Aust N Z J Surg. 1997 Nov;67(11):792-5. doi: 10.1111/j.1445-2197.1997.tb04582.x.

Abstract

BACKGROUND

Despite modern medications for peptic ulcers, patients frequently require emergency surgery for complications of ulcer disease. Many of these patients have coexisting medical problems which not only predispose to perforated ulcer disease, but also influence the clinical outcome. This study reviews the outcome of a group of patients with perforated ulcer disease and examines the influence of a range of comorbidity factors on the outcome.

METHODS

A retrospective chart review of all cases of perforated peptic occurring over a period of 9 years.

RESULTS

One hundred and forty-nine perforated peptic ulcers in 147 patients were diagnosed between 1987 and 1996. Coexisting malignancy, use of immunosuppressives or corticosteroids, pre-operative shock and admission to intensive care were all significantly associated with reperforation by univariate analysis. However, logistic regression analysis indicated that none of these factors independently predicted reperforation which, therefore, occurs as a multifactorial event with all the above factors contributing. Death from perforated ulcer disease was related to pre-operative shock, malignancy, admission to intensive care and reperforation when examined by univariate analysis. Furthermore, logistic regression analysis showed that coexisting malignancy and reperforation were significant predictors of mortality.

CONCLUSIONS

Perforated peptic ulcer disease remains a frequent clinical problem in patients with short dyspeptic histories, who may or may not have been using ulcerogenic medications. It is a significant cause of morbidity and mortality among an often aged and otherwise unwell group of patients. Patients with underlying malignant disease, who may be immunosuppressed with corticosteroids or cytotoxics, are at increased risk of dying from perforated ulcer disease. Reperforation of an ulcer, following simple closure or conservative treatment, is also highly predictive of increased mortality.

摘要

背景

尽管有治疗消化性溃疡的现代药物,但患者仍常因溃疡病并发症而需要紧急手术。这些患者中许多人存在并存的内科问题,这些问题不仅易导致溃疡穿孔疾病,还会影响临床结局。本研究回顾了一组溃疡穿孔疾病患者的结局,并探讨了一系列合并症因素对结局的影响。

方法

对9年间所有消化性溃疡穿孔病例进行回顾性病历审查。

结果

1987年至1996年间,147例患者中诊断出149例消化性溃疡穿孔。
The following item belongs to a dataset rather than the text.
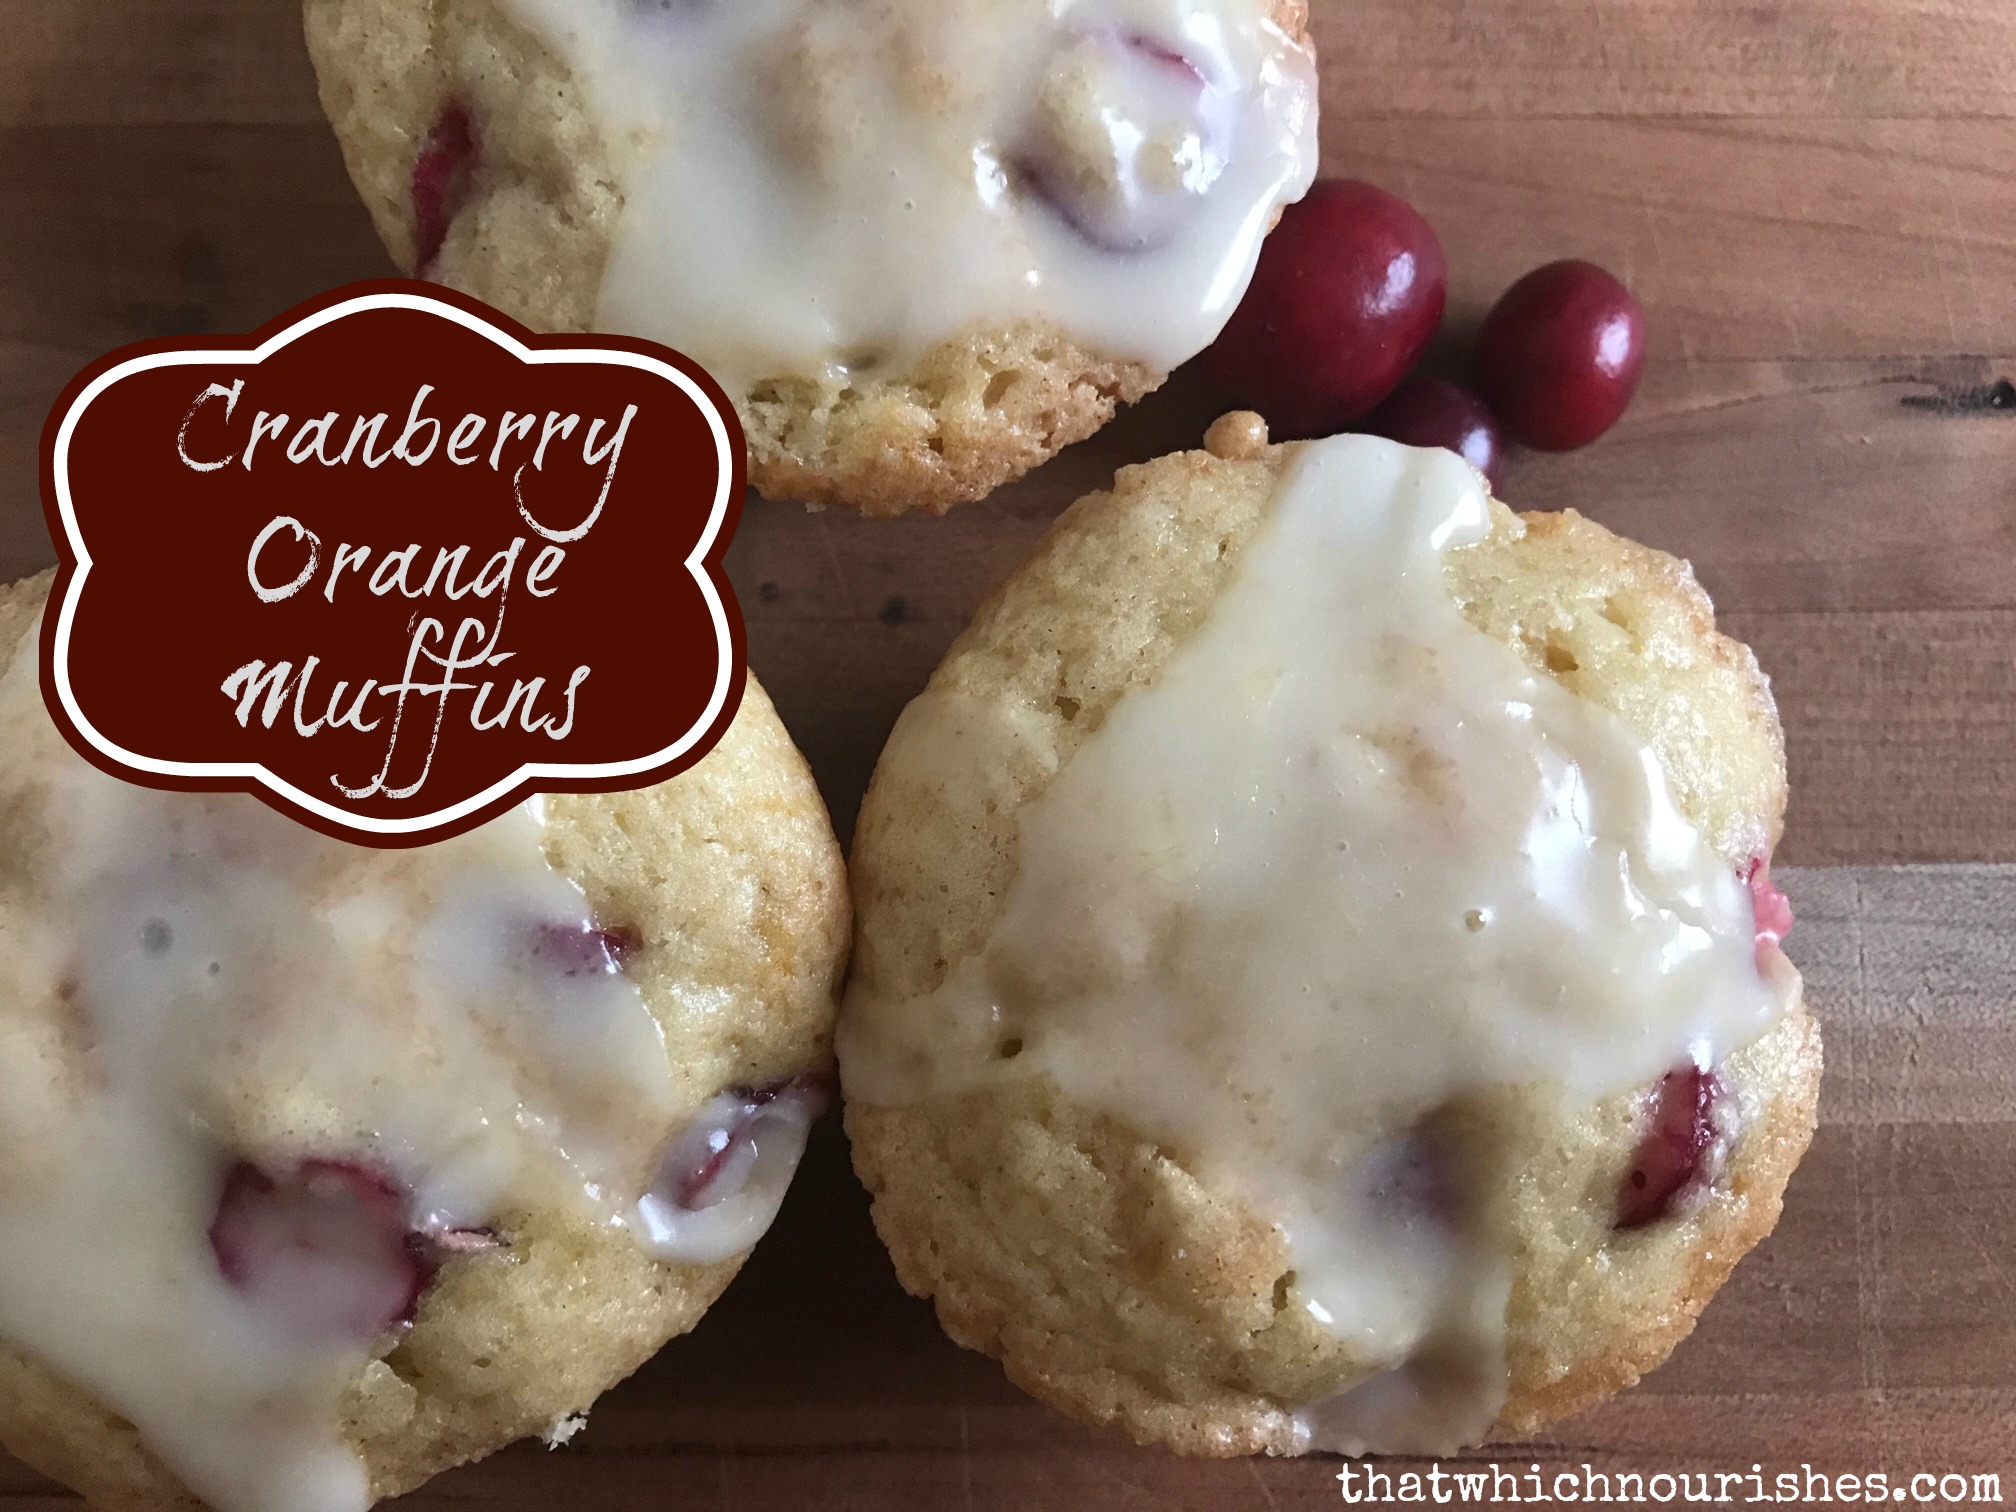 Glazed Cranberry Orange muffins -- A sweet, fluffy, orange-y muffin with little bursts of tart cranberry, covered with a tangy sweet orange glaze. | thatwhichnourishes.com

单因素分析显示,并存恶性肿瘤、使用免疫抑制剂或皮质类固醇、术前休克以及入住重症监护病房均与再次穿孔显著相关。然而,逻辑回归分析表明,这些因素均不能独立预测再次穿孔,因此,再次穿孔是一个多因素事件,上述所有因素均有促成作用。单因素分析显示,溃疡穿孔疾病导致的死亡与术前休克、恶性肿瘤、入住重症监护病房和再次穿孔有关。此外,逻辑回归分析表明,并存恶性肿瘤和再次穿孔是死亡率的重要预测因素。

结论

消化性溃疡穿孔疾病在消化不良病史较短的患者中仍然是一个常见的临床问题,这些患者可能使用过或未使用过致溃疡药物。在一组往往年龄较大且身体状况不佳的患者中,它是发病和死亡的重要原因。患有潜在恶性疾病且可能因皮质类固醇或细胞毒性药物而免疫抑制的患者,死于溃疡穿孔疾病的风险增加。在简单缝合或保守治疗后溃疡再次穿孔,也高度预示死亡率增加。